MÜTEAHHİRUN HERŞEYİ DEĞİŞTİRİP, TEK BİR KİŞİYİ TAKLİD ETMEYİ GEREKLİ KILMAKLA TEFRİKAYA DÜŞTÜLER
Müslümanlar, Hulefa-i Raşidin ve Tabiîn gibi mükemmel müslüman oldukları, islâm’a bağlı ve sadık kaldıkları müddetçe muzaffer olup ülkeler fethettiler ve dini yücelttiler. Ne zaman ki Allah’ın emirlerini değiştirdiler, Allah birçok ayetinde de buna işaret ettiği gibi, nimetlerini değiştirmekle, devletlerini almakla ve hilafeti kaldırmakla onları cezalandırdı. Cenâb-ı Hakk’ın şu âyetinde olduğu gibi:
“Bu, bir milletin kendilerini değiştirmedikçe. Allah onlara verdiği nimeti değiştirmez (kanunundan dolayı böyledir) ve Allah işiten ve bilendir. (Kimin neye mustehak olduğunu bilir)” (Enfal 53)

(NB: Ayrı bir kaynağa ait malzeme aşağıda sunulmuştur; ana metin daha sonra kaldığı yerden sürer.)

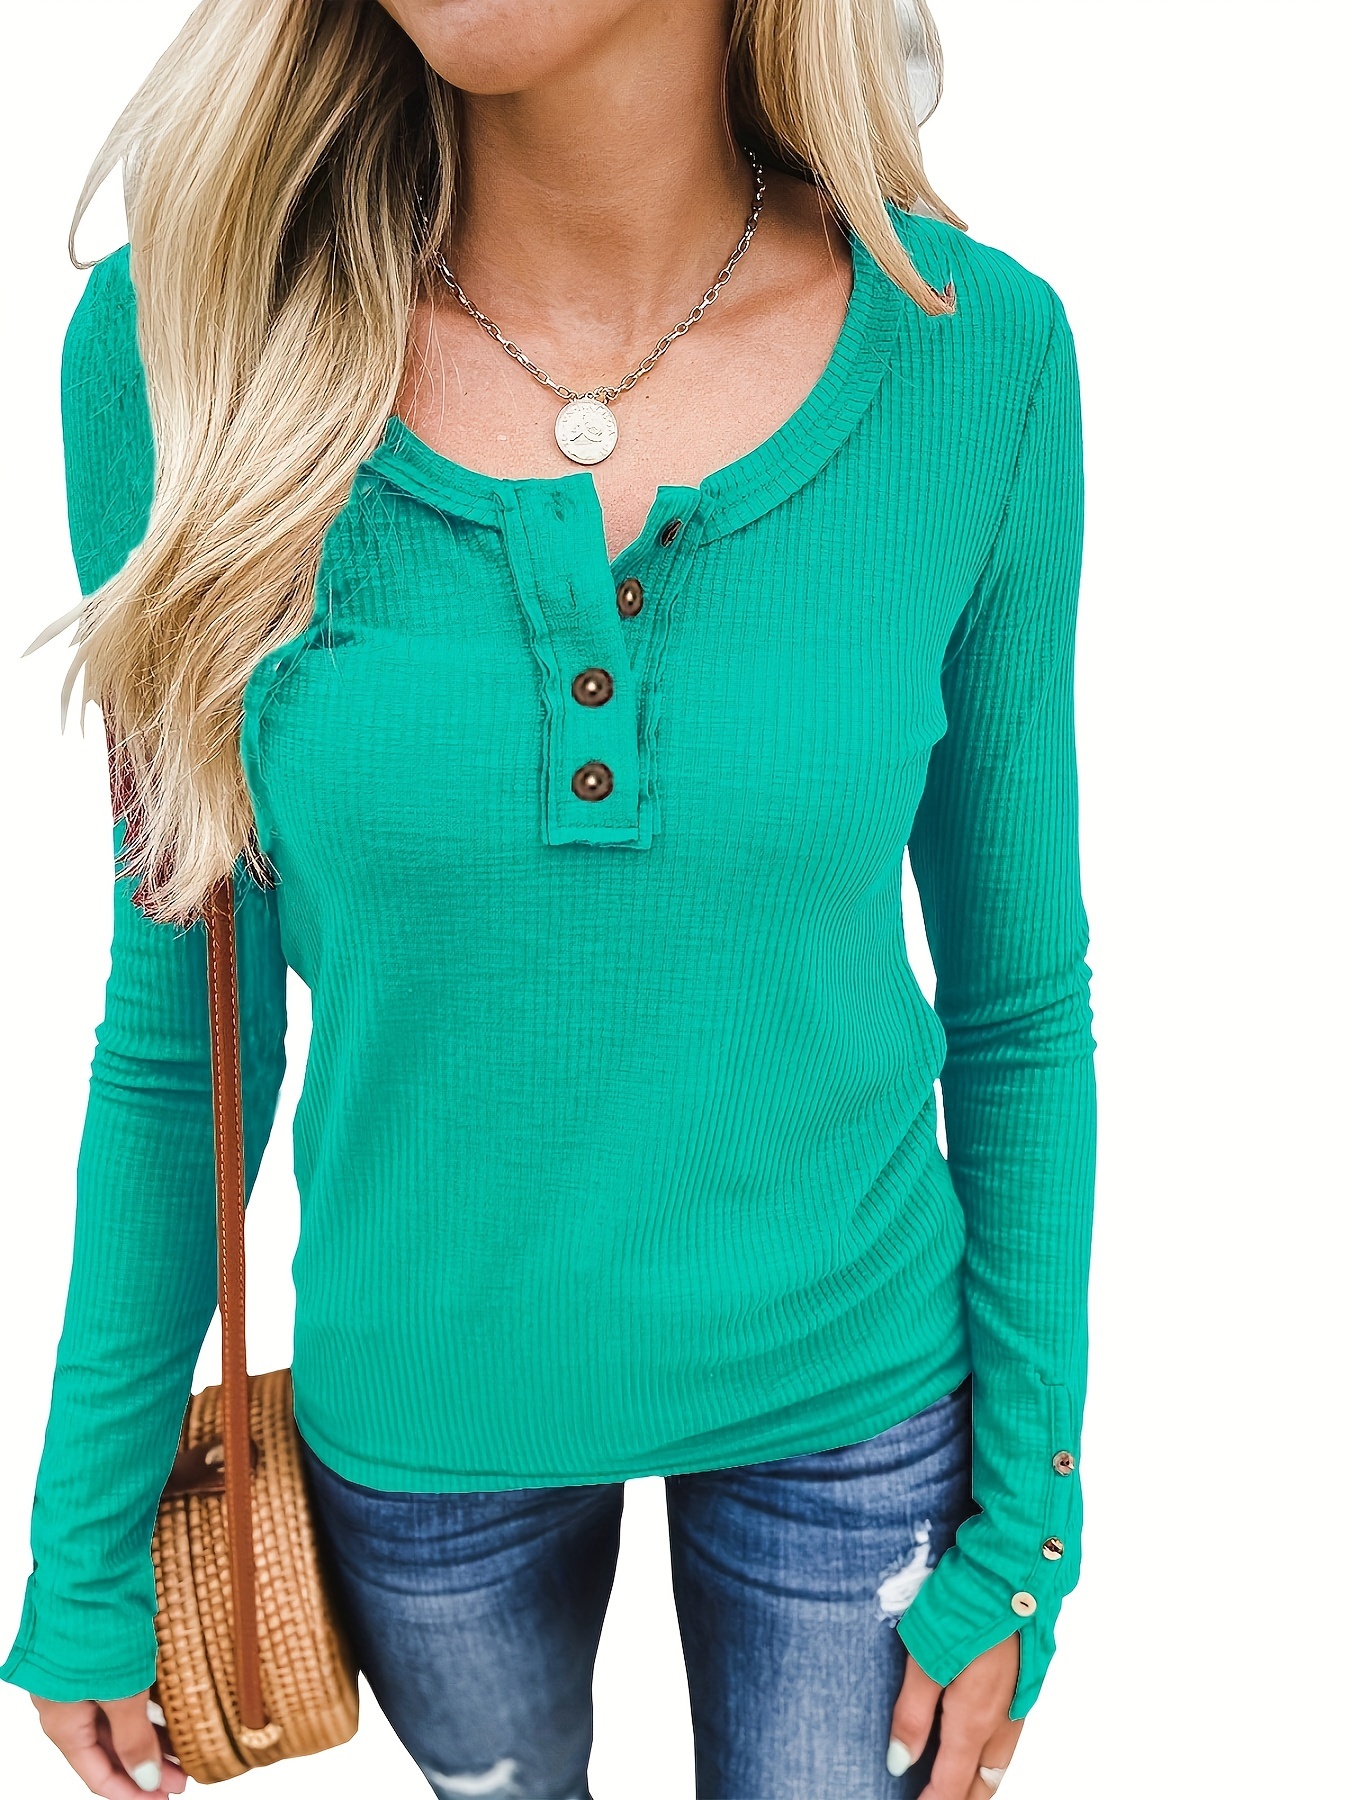 TQWQT Womens Long Sleeve Henley Tops Casual Button Up Tunic Blouse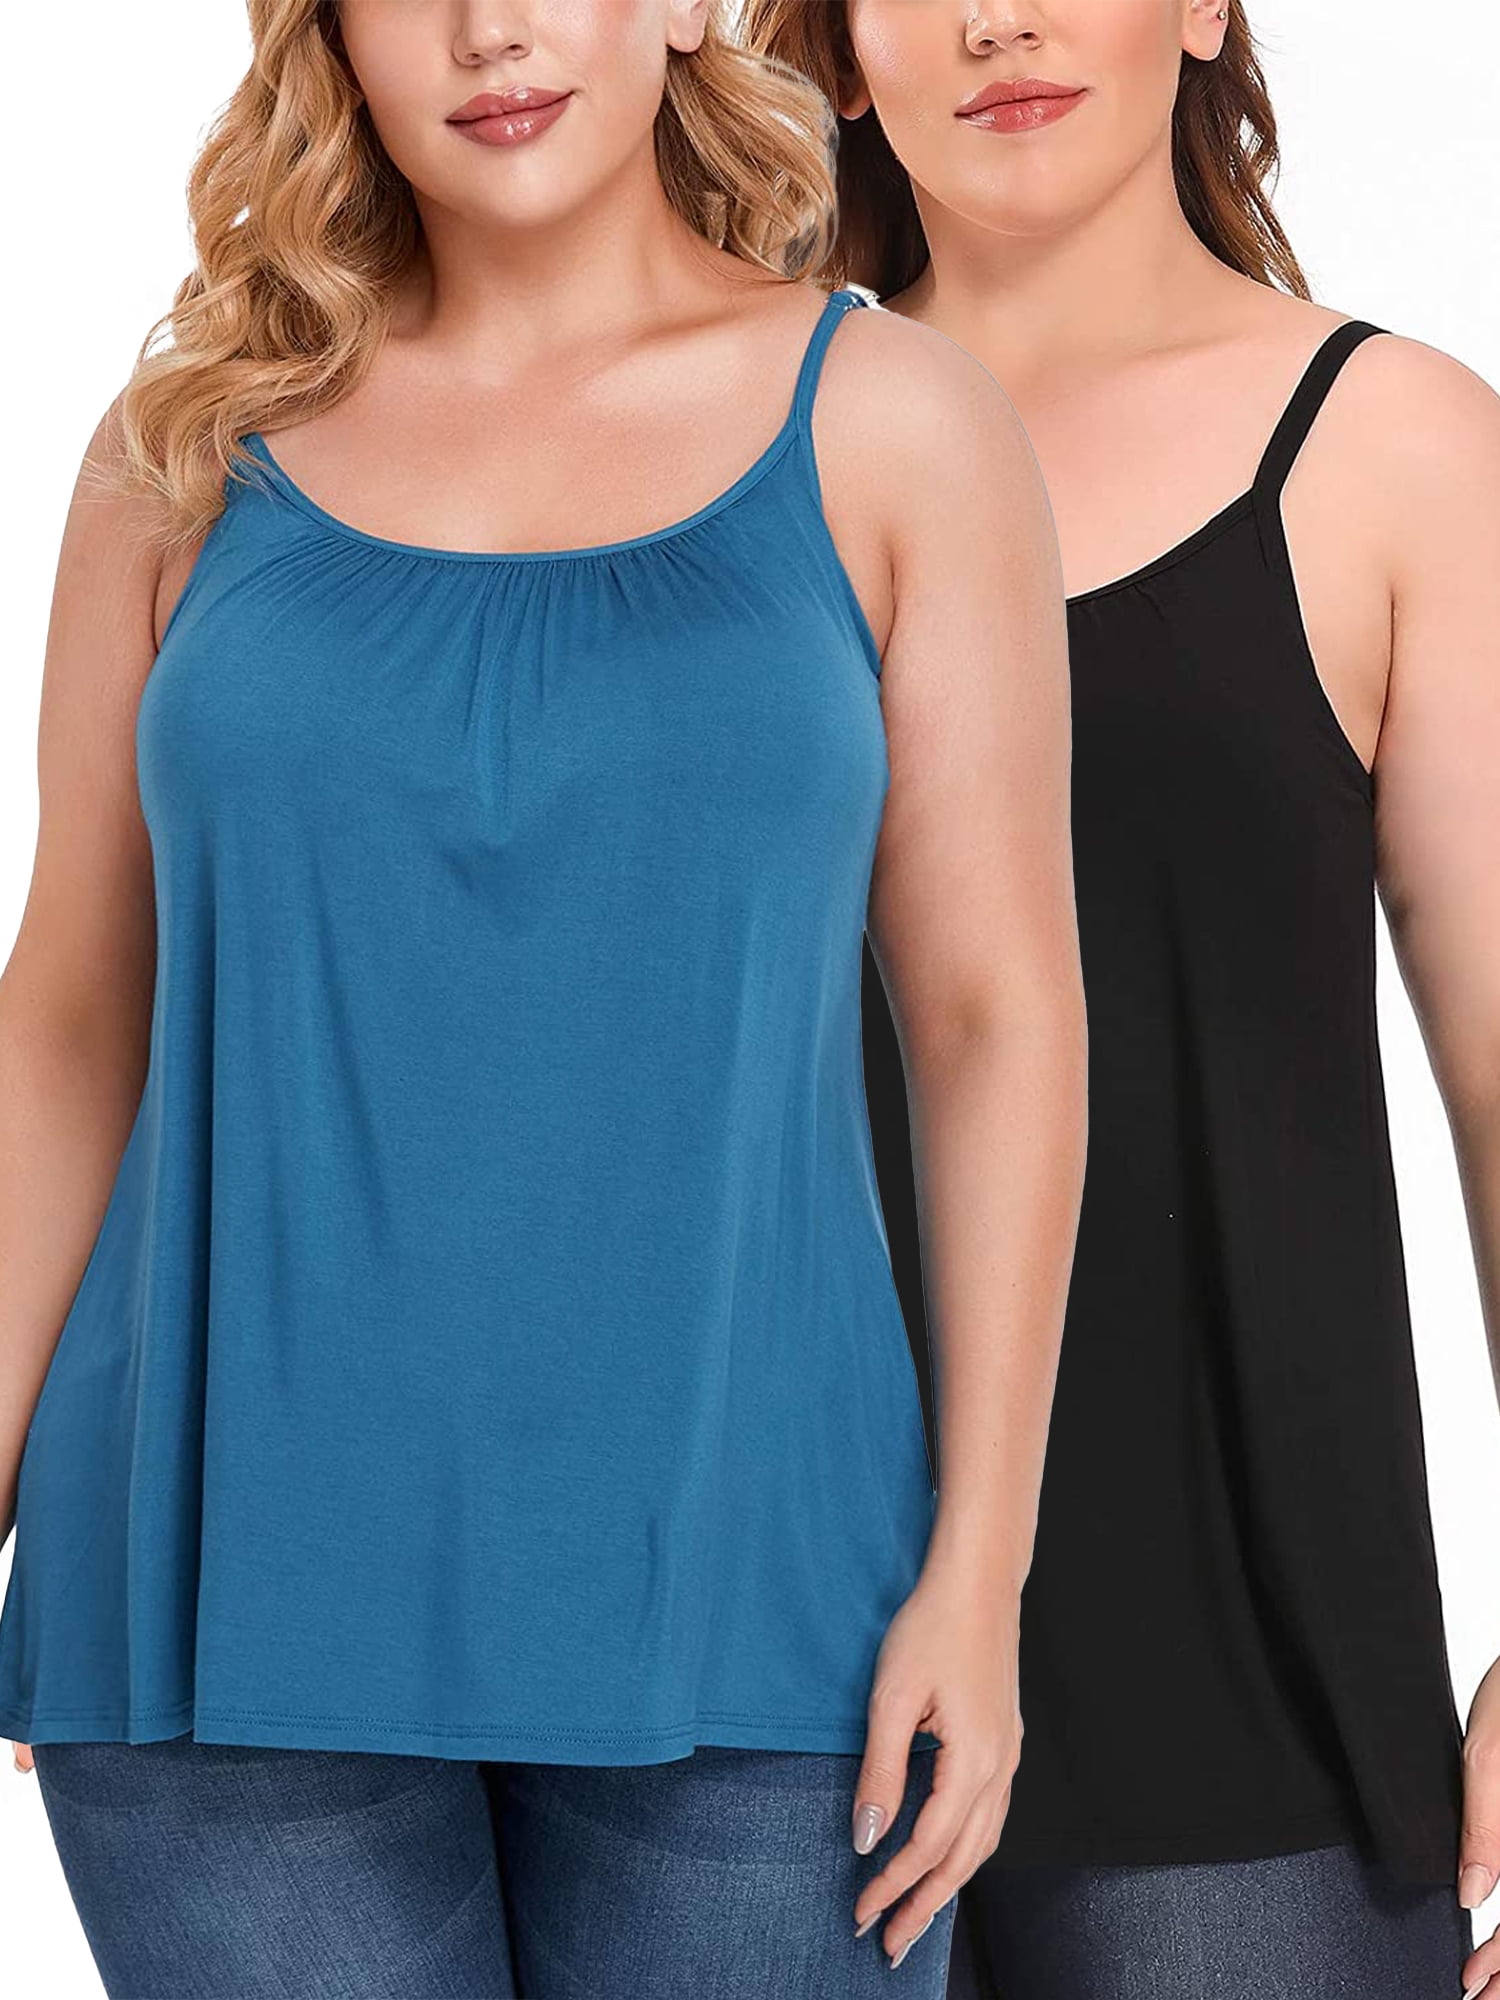 FITVALEN Women's Camisole with Built in Bra Plus Size Casual Loose

Özel bir mezhebe intisap etmek, batıl görüşleri de olsa o mezhebe taassup göstermek, değişikliğe uğrattıkları konulardır. Bu görüşler üçüncü asırdan sonra ortaya çıkmış bid’at işlerdir. Bunda hiç şüphe yoktur. Bid’atle amel etme ve ondan bir sevap umulması sapıklıktır. Selef-i salihîn; Kitap, Sünnet ve ikisinin delalet ettiklerine, bir de ümmetin icmaına sarılıyorlardı. Allah onlara merhamet etsin, onlardan razı olsun ve etsin, bizi de onlardan kılsın ve onlarla birlikte haşretsin. Fakat mezheplerin bidatleri yayılınca, o bid’atlerden, ayrılıklar ve birbirlerini sapıklıkla suçlamalar doğdu. Öyleki, dört mezhep müntesipleri Ehl-i Sünnet olduklarını söylemelerine rağmen, Şafiî imamın ardından Hanefî’nin uyması caiz olmadığına dair fetva verdiler.
Fakat amelleri onları yalanladı, sözlerindeki çelişkiler onların bu görüşlerini boşa çıkardı. Mescid-i Haram’daki dört makam bu bid’atlerden doğdu.
Cemaatler çeşitlendi. Her mezhepli kendi mezhebindeki cemaatı bekledi. Bu bid’atler sayesinde şeytan müslumanları tefrikaya düşürmek, onları çeşitli gruplara bölmek gibi maksadlanndan birini daha elde etmiş oldu. Bundan Allah’a sığınırız.